INSPIRED by the popularity of Jim Lindgren’s article on Michael Bellesiles’ Arming America, the Yale Law Journal has started putting some of its articles online. Here is one, by Jed Rubenfeld on copyright law and the constitution, which concludes that “copyright’s central prohibition of piracy is fully constitutional, but its prohibition of unauthorized derivative works is not.”

“Freedom of imagination” plays an important role, too. Doesn’t Disney own the rights to that phrase?

TALKLEFT reports that Muhammad and Malvo will probably be tried in Virginia first. TalkLeft also thinks it’s unseemly to be basing trial strategy on where it’s easiest to get the death penalty:

We think deciding where to prosecute by the likelihood of the success of the death penalty is wrong and makes us look barbaric. . . . In addition, it’s unseemly to be talking as if death is a foregone conclusion. Doesn’t anyone remember that the two defendants have not yet had a trial or been found guilty? This is like a scene out of Alice and Wonderland: “No, No” said the Queen. “First the punishment, then the verdict.”
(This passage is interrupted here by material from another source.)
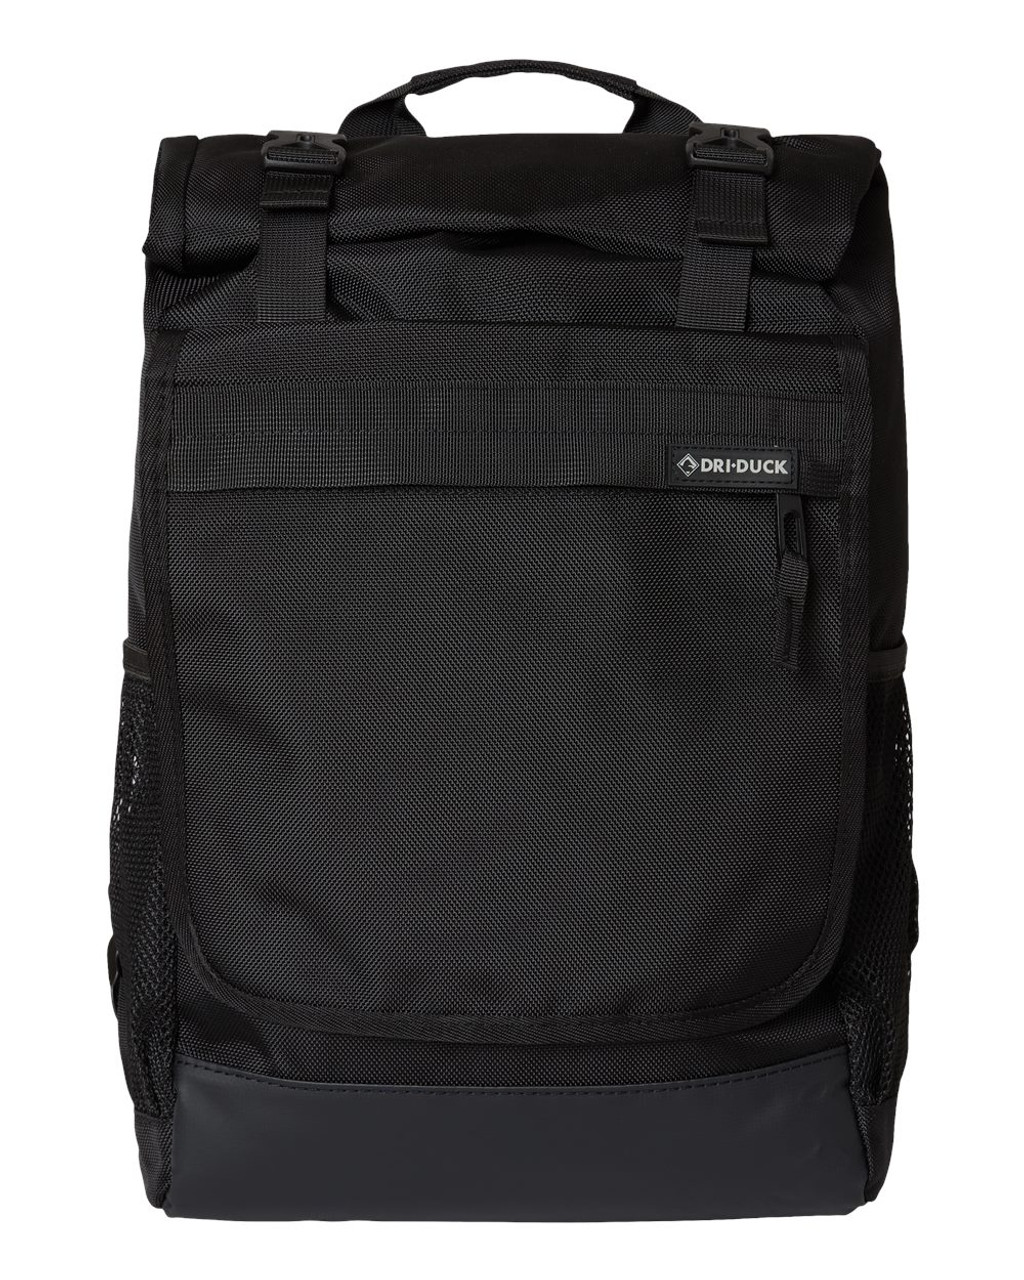 Roll Top Backpack - 1410 1410S Black

While I usually agree with TalkLeft on criminal-justice matters, this seems overwrought. Basing strategy on the death penalty is “barbaric” only if you already agree with TalkLeft that the death penalty is barbaric. (I don’t — I have problems with what Charles Black called “the inevitability of caprice and mistake,” but that’s entirely distinct from the character of the penalty itself). Nor does it seem inappropriate to me for prosecutors to base their strategy on getting the punishment that they believe the crime deserves. And doing so before the trial makes sense, as it’s not possible to do it after the trial.

TalkLeft will be on FoxNews this afternoon at 2:30 Eastern time. Perhaps we’ll get a more nuanced view then. Sadly, my campus cable system doesn’t get Fox, so I’ll miss it.